In 1903, having obtained his diplomas, he left his country to continue his studies at the art academy of Paris, where in order to earn a living, he drew for newspapers and advertising, while in his leisure time was devoted to wandering around museums, where he discovered Camille Corto, who influenced his painting. In 1906, he designed a Sparta Match poster, and the player on the poster served as the basis for the current Sparta logo. He also began playing as a left winger for Racing Club de France as early as October 1905. He played a crucial role in helping the team reach the final of the 1906 Coupe Dewar against Gallia Club Paris, held at the Stade de Charentonneau on 6 May, scoring two late goals to help his side to a 2–1 comeback victory. His sporting career ended around 1910, following a tackle by Alfred Gindrat which broke his leg.

On 27 November 1909 and 29 January 1910, van Hasselt, now a press cartoonist, made caricatures of André Espir and André Billy, both being members of Racing Club de France. Van Hasselt then went to London, where while drawing for newspapers (The Star and The Morning Leader), he walked the National Gallery. He returned to France in the early 1910s, and then in 1911–12, he shared a studio with Édouard Saunier at 54 rue Notre-Dame-de-Lorette, and organized joint exhibitions there. He also exhibited with Jacques Salomon, nephew of Édouard Vuillard, which allowed him to enter Vuillard's entourage, also frequenting Maurice Denis, who had a considerable influence on his painting. In the build-up for the semifinals of 1912–13 French Rugby Union Championship between Bordeaux and Racing Club de France on 17 March 1912, van Hasselt made a large poster print (120 x 160 cm), which was used on a "one-page" program for the game, with the name of the players and a scorecard printed on the back. During the First World War, van Hasselt, who still did not have French nationality, served as an ambulance driver in the French Army.

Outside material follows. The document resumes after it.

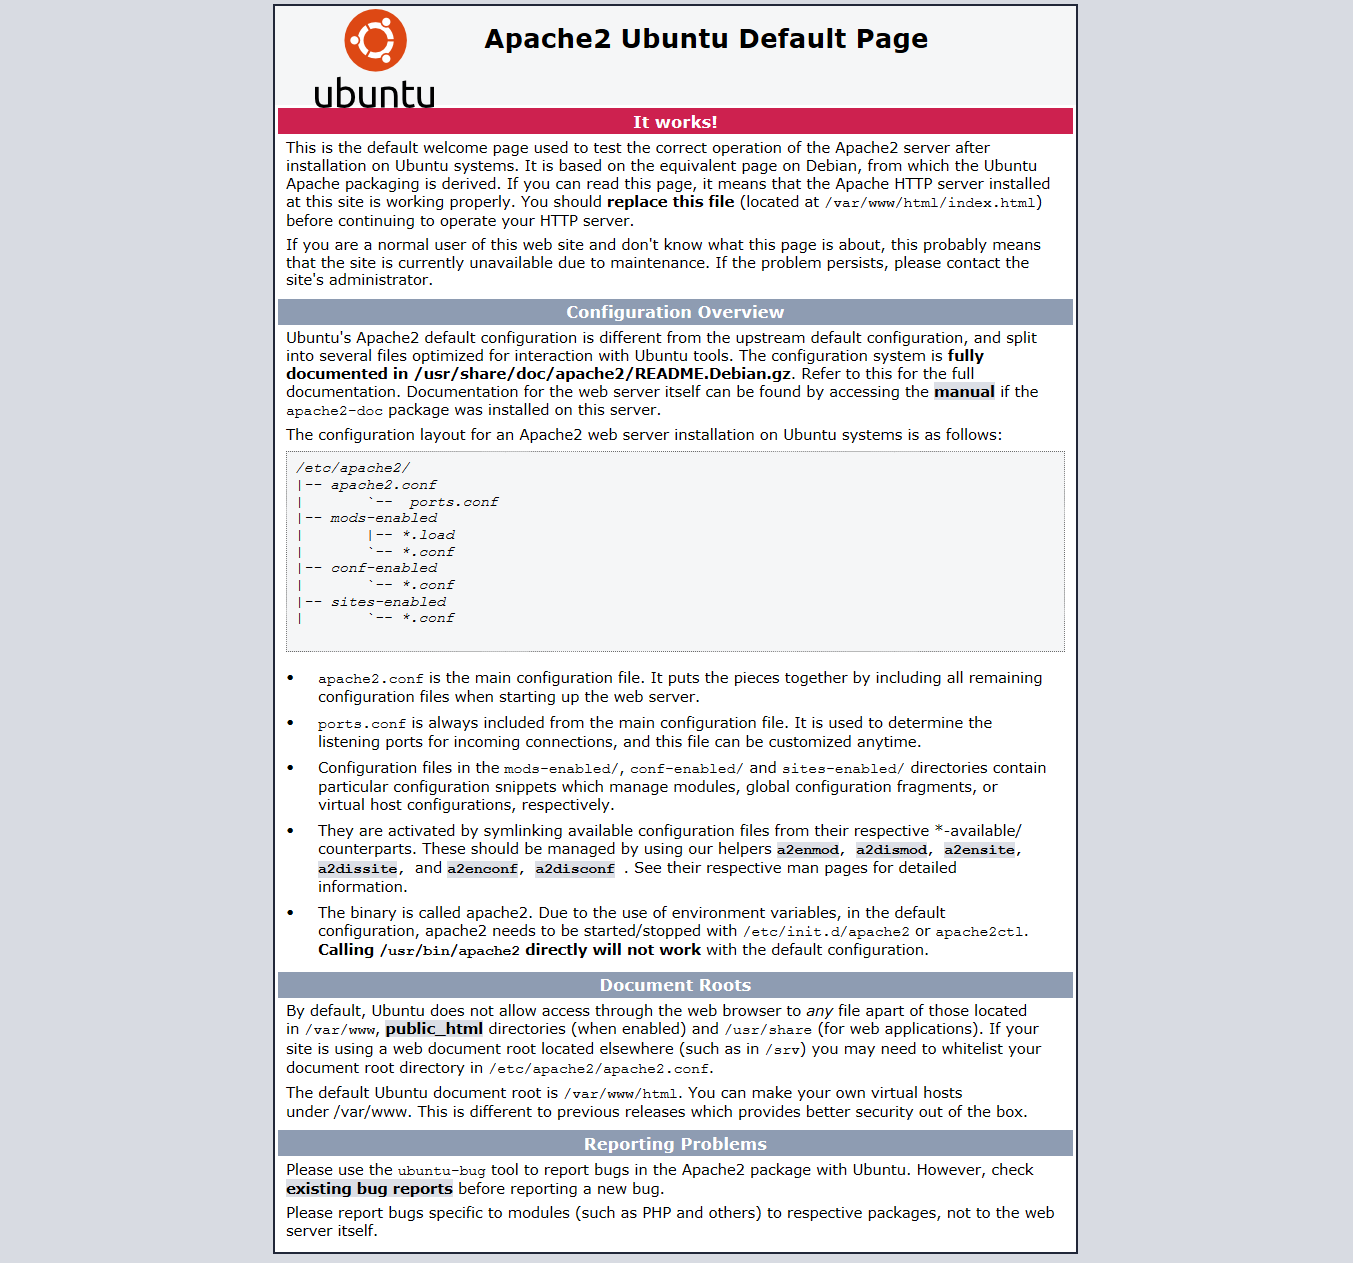 Apache2 Ubuntu Default Page_ It works.png

In 1921, van Hasselt married the designer Louise Le Vavasseur, who introduced him to the Arcachon basin, which became a real source of inspiration since he painted a large number of seascapes and scenes of daily life there during the interwar period.

Willem van Hasselt obtained French nationality in 1933. In 1945, van Hasselt was elected to the Académie des Beaux-Arts, replacing André Devambez. From 1951 he was a member of the committee of the Institut Néerlandais and president of the Fra Angelico and France-Hollande associations.

In 1957, he moved to Nogent-sur-Marne, at the "Maison des artistes", where he died on 23 August 1963.